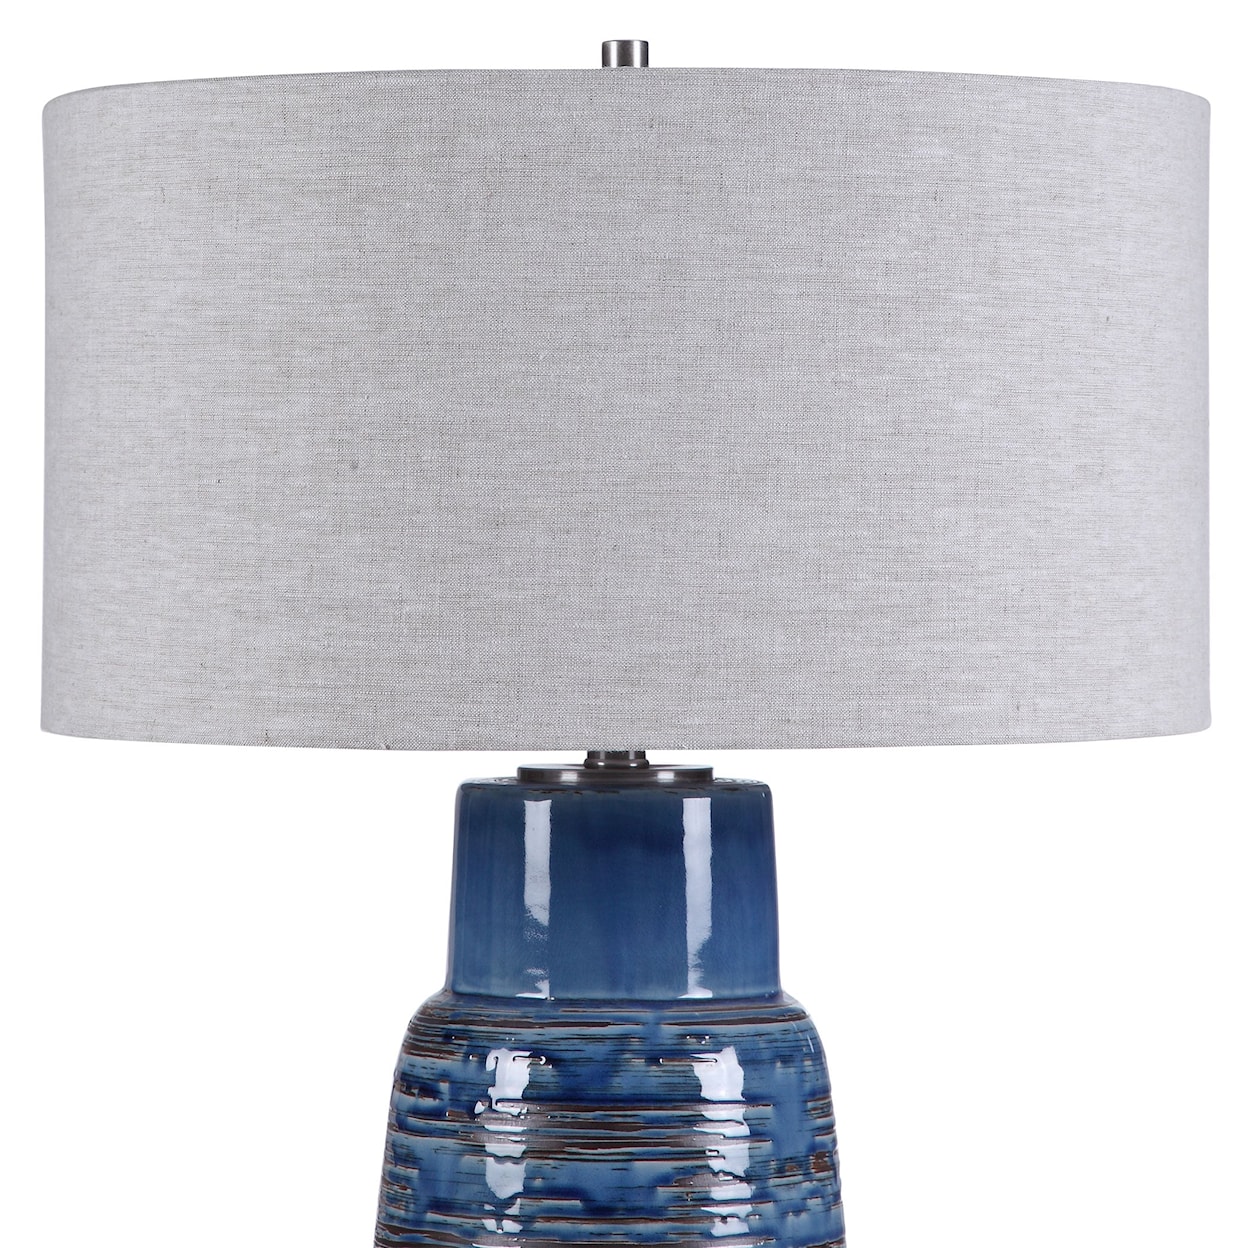 Uttermost Table Lamps Magellan Blue Table Lamp
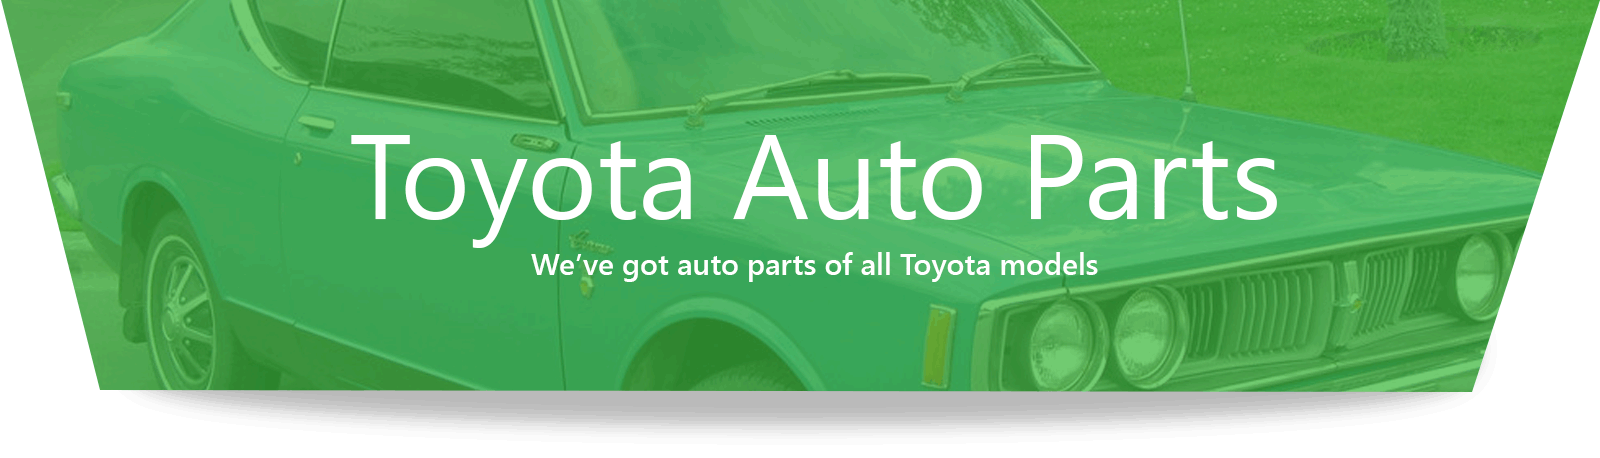 Toyota Used Auto Parts Auckland | Second Hand Toyota Car Parts NZ
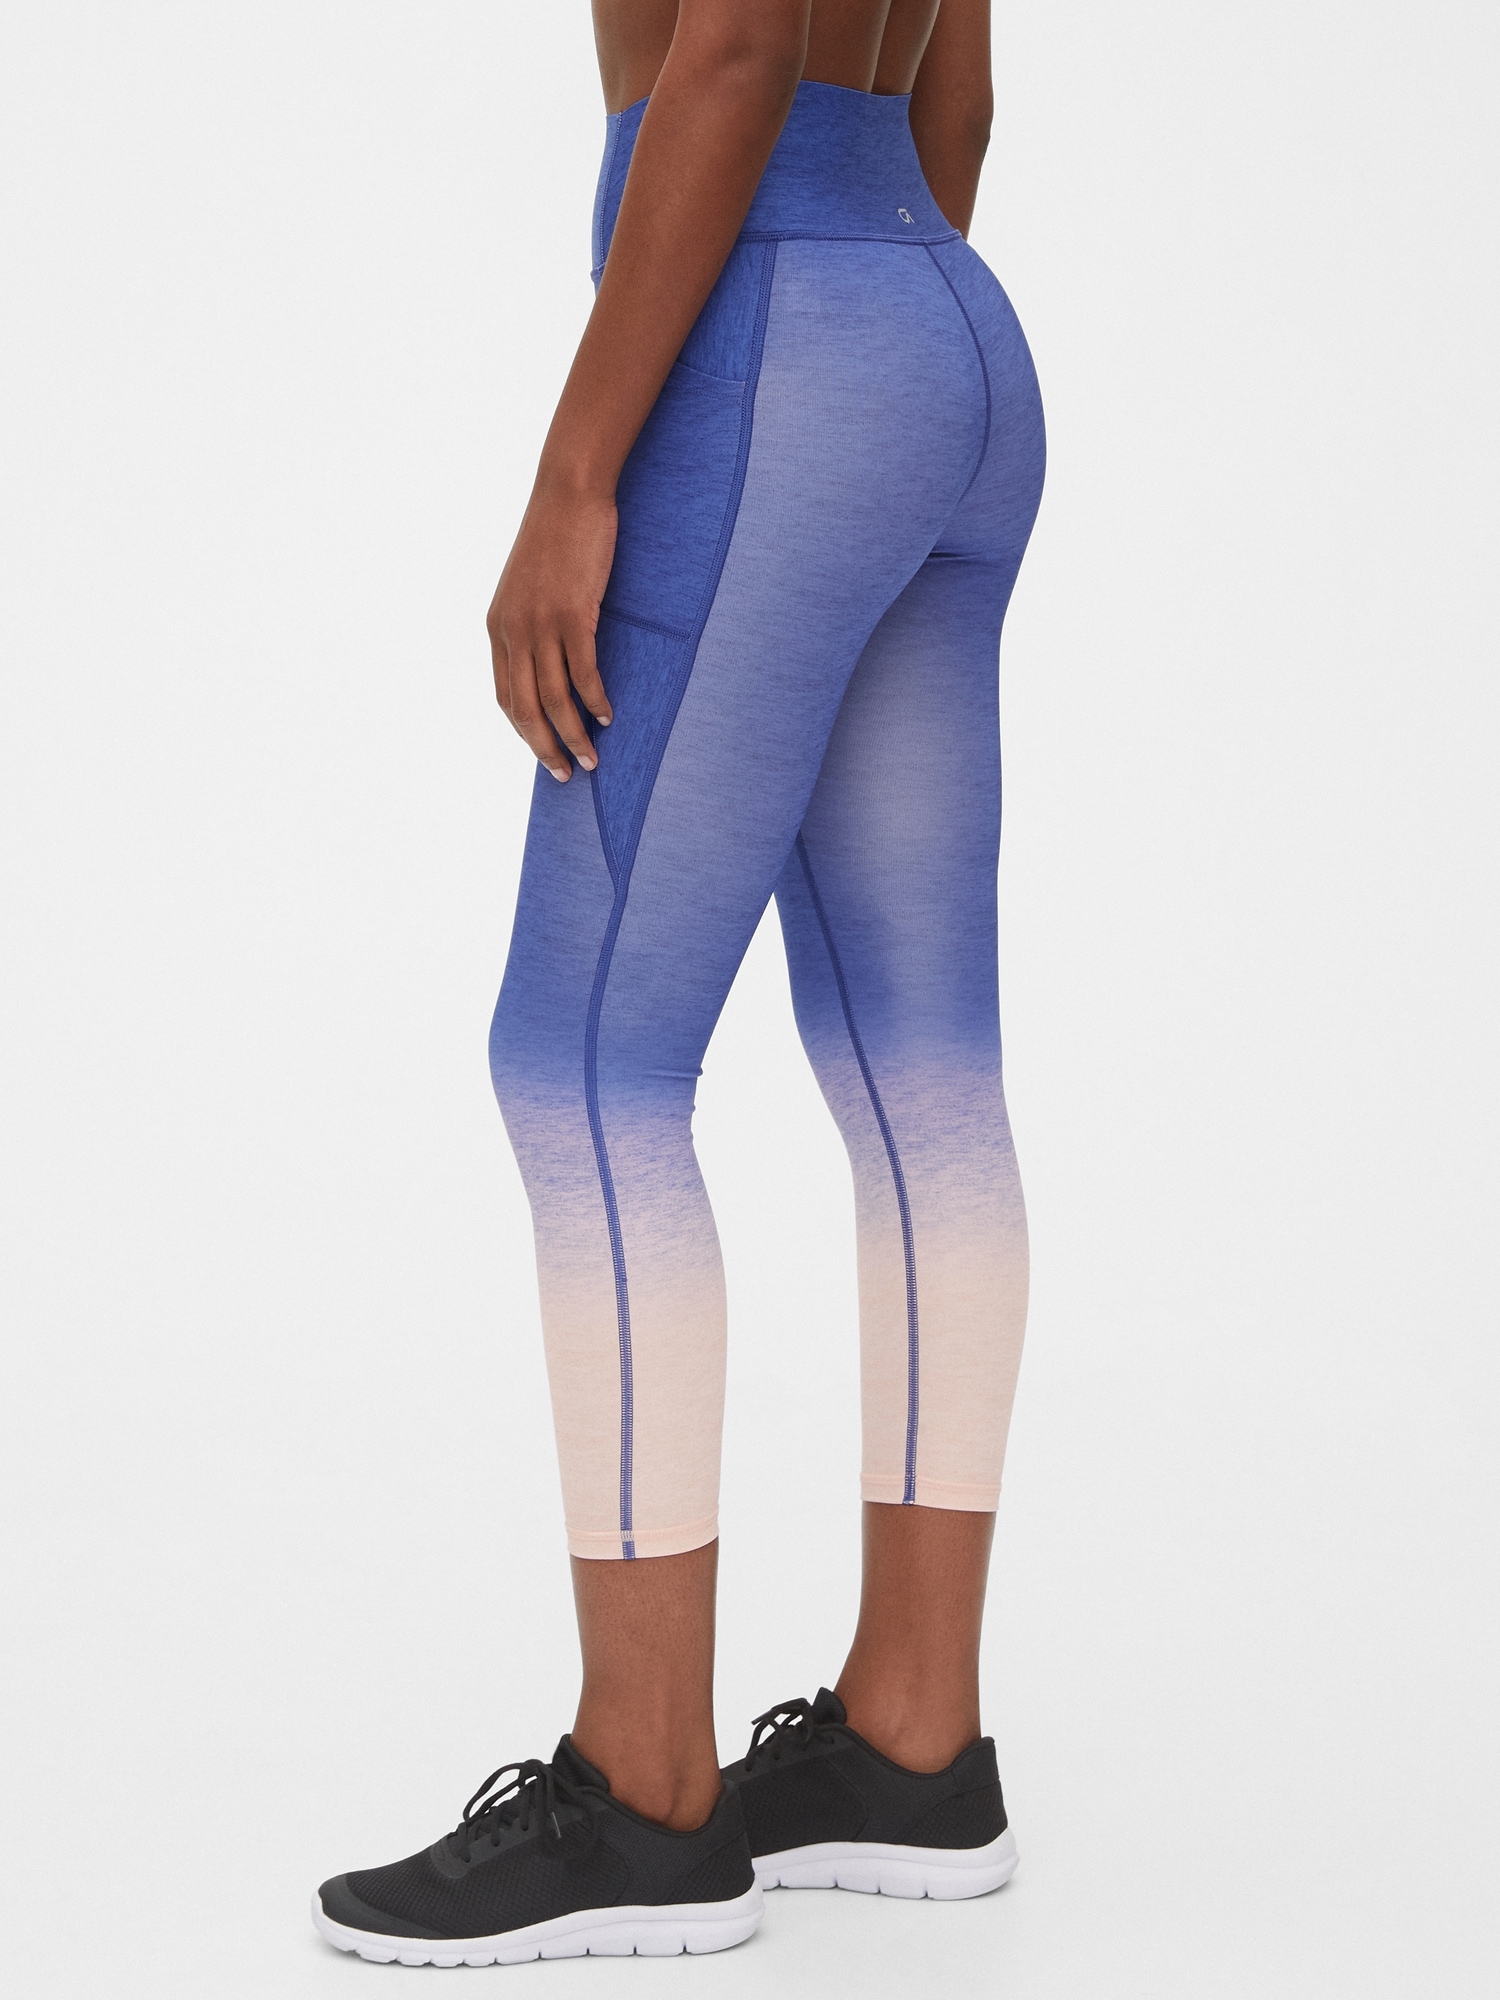  Love and Fit, Guardian Evolve Leggings, High Rise, Silicon  Grip, Waist Band, Moisture Wicking, Soft Compressive Fabric
════════
Goal of the exercise ▸ Please restate the whole listing exactly, without any of its pictures.

Exercise solution ▸
 Uttermost Table Lamps Magellan Blue Table Lamp
 Toyota Used Auto Parts Auckland | Second Hand Toyota Car Parts NZ
  Love and Fit, Guardian Evolve Leggings, High Rise, Silicon  Grip, Waist Band, Moisture Wicking, Soft Compressive Fabric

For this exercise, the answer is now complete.